FromMichael S <already5chosen@yahoo.com>
Date2024-06-17 12:39 +0300
Message-ID<20240617123926.00006a12@yahoo.com>
In reply to#386066
On Mon, 17 Jun 2024 00:56:40 -0700
Tim Rentsch <tr.17687@z991.linuxsc.com> wrote:

> 
> I don't know why you say that.  C was an ANSI standard before it
> was an ISO standard.  Or is it that you think that the language
> Malcolm is intent on using does not conform to C90/C89/ANSI C?
> 
> 

All I wanted to point by this comment is that ANSI recognizes ISO/IEC
9899:2018 as their current C Standard and probably will recognize the
next ISO C Standard pretty soon. For that reason I think that names like
C89 or C90 are preferable (to ANSI C) when we want to refer to this
particular variant of the language.

[toc] | [prev] | [next] | [standalone]


#386188

FromTim Rentsch <tr.17687@z991.linuxsc.com>
Date2024-06-18 10:47 -0700
Message-ID<86ed8ujg7j.fsf@linuxsc.com>
In reply to#386074
Michael S <already5chosen@yahoo.com> writes:

> On Mon, 17 Jun 2024 00:56:40 -0700
> Tim Rentsch <tr.17687@z991.linuxsc.com> wrote:
>
>> I don't know why you say that.  C was an ANSI standard before it
>> was an ISO standard.  Or is it that you think that the language
>> Malcolm is intent on using does not conform to C90/C89/ANSI C?
>
> All I wanted to point by this comment is that ANSI recognizes ISO/IEC
> 9899:2018 as their current C Standard and probably will recognize the
> next ISO C Standard pretty soon.  For that reason I think that names like
> C89 or C90 are preferable (to ANSI C) when we want to refer to this
> particular variant of the language.

I see.  So it isn't that you think "ANSI C" is wrong, just
that it might be misleading or that C89 or C90 is preferable.
Personally I would be surprised if someone used "ANSI C" to
mean anything other than C89/C90, but certainly other people
could have a different reaction.

[toc] | [prev] | [next] | [standalone]


#386203

FromKeith Thompson <Keith.S.Thompson+u@gmail.com>
Date2024-06-18 15:17 -0700
Message-ID<87bk3xzyi4.fsf@nosuchdomain.example.com>
In reply to#386188
Tim Rentsch <tr.17687@z991.linuxsc.com> writes:
> Michael S <already5chosen@yahoo.com> writes:
>> On Mon, 17 Jun 2024 00:56:40 -0700
>> Tim Rentsch <tr.17687@z991.linuxsc.com> wrote:
>>
>>> I don't know why you say that.  C was an ANSI standard before it
>>> was an ISO standard.  Or is it that you think that the language
>>> Malcolm is intent on using does not conform to C90/C89/ANSI C?
>>
>> All I wanted to point by this comment is that ANSI recognizes ISO/IEC
>> 9899:2018 as their current C Standard and probably will recognize the
>> next ISO C Standard pretty soon.  For that reason I think that names like
>> C89 or C90 are preferable (to ANSI C) when we want to refer to this
>> particular variant of the language.
>
> I see.  So it isn't that you think "ANSI C" is wrong, just
> that it might be misleading or that C89 or C90 is preferable.
> Personally I would be surprised if someone used "ANSI C" to
> mean anything other than C89/C90, but certainly other people
> could have a different reaction.

The term "ANSI C" almost universally refers to C89/C90.  But someone
not familiar with the term might expect it to mean "the C standard
endorsed by ANSI", which is currently C17.

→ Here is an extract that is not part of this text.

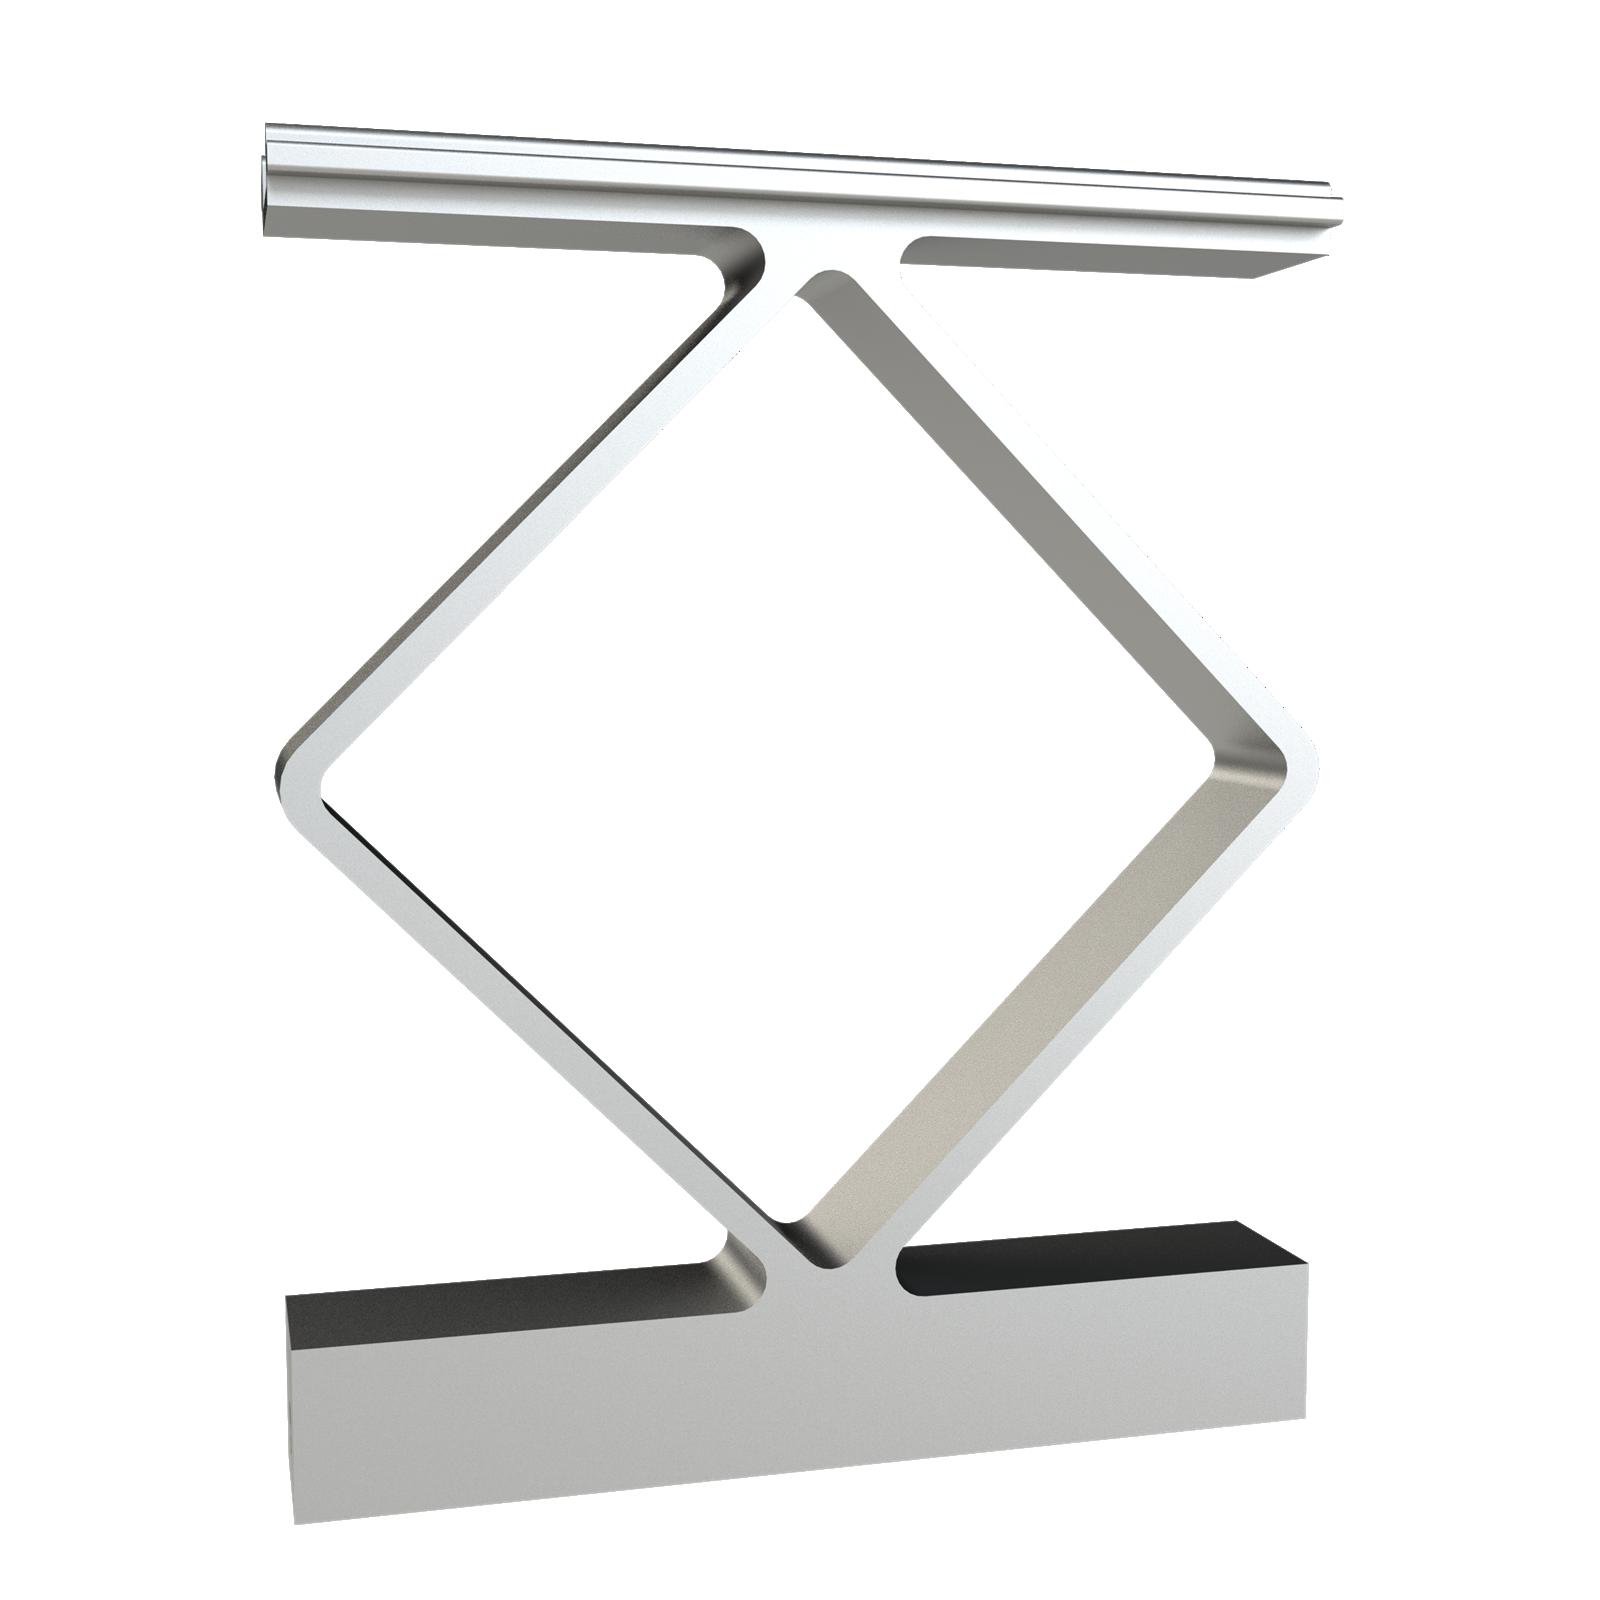 Peak Products Silver Aluminium Balustrade Decorative Handrail Spacer - 4 Pack

The term "ANSI C" started out as a way to refer to the newly
standardized language, distinguishing it from pre-standard versions
like the one documented in K&R1.

I don't necessarily complain when someone uses the phrase "ANSI C"
to mean C89/C90, but I try to avoid it myself in favor of "C89" or
"C90".

Hmm.  It occurs to me that "K&R C", which usually refers to the
language defined in K&R1, is also potentially ambiguous.  I'm not
going to worry about it too much.  (One C compiler uses a "-ansic"
command-line option to cause it to attempt to conform to C99.)

-- 
Keith Thompson (The_Other_Keith) Keith.S.Thompson+u@gmail.com
void Void(void) { Void(); } /* The recursive call of the void */

[toc] | [prev] | [next] | [standalone]


#386205

FromTim Rentsch <tr.17687@z991.linuxsc.com>
Date2024-06-18 16:17 -0700
Message-ID<86sex9j0ww.fsf@linuxsc.com>
In reply to#386203
Keith Thompson <Keith.S.Thompson+u@gmail.com> writes:

> Tim Rentsch <tr.17687@z991.linuxsc.com> writes:
>
>> Michael S <already5chosen@yahoo.com> writes:
>>
>>> On Mon, 17 Jun 2024 00:56:40 -0700
>>> Tim Rentsch <tr.17687@z991.linuxsc.com> wrote:
>>>
>>>> I don't know why you say that.  C was an ANSI standard before it
>>>> was an ISO standard.  Or is it that you think that the language
>>>> Malcolm is intent on using does not conform to C90/C89/ANSI C?
>>>
>>> All I wanted to point by this comment is that ANSI recognizes ISO/IEC
>>> 9899:2018 as their current C Standard and probably will recognize the
>>> next ISO C Standard pretty soon.  For that reason I think that names like
>>> C89 or C90 are preferable (to ANSI C) when we want to refer to this
>>> particular variant of the language.
>>
>> I see.  So it isn't that you think "ANSI C" is wrong, just
>> that it might be misleading or that C89 or C90 is preferable.
>> Personally I would be surprised if someone used "ANSI C" to
>> mean anything other than C89/C90, but certainly other people
>> could have a different reaction.
>
> [...] I don't necessarily complain when someone uses the phrase
> "ANSI C" to mean C89/C90, but I try to avoid it myself in favor
> of "C89" or "C90".

I'm reminded that gcc accepts the option -ansi as a synonym for
the option -std=c90.

[toc] | [prev] | [next] | [standalone]


#386206

FromJames Kuyper <jameskuyper@alumni.caltech.edu>
Date2024-06-18 19:23 -0400
Message-ID<v4t4tq$1j49k$1@dont-email.me>
In reply to#386188
Tim Rentsch <tr.17687@z991.linuxsc.com> writes:
...
> I see.  So it isn't that you think "ANSI C" is wrong, just
> that it might be misleading or that C89 or C90 is preferable.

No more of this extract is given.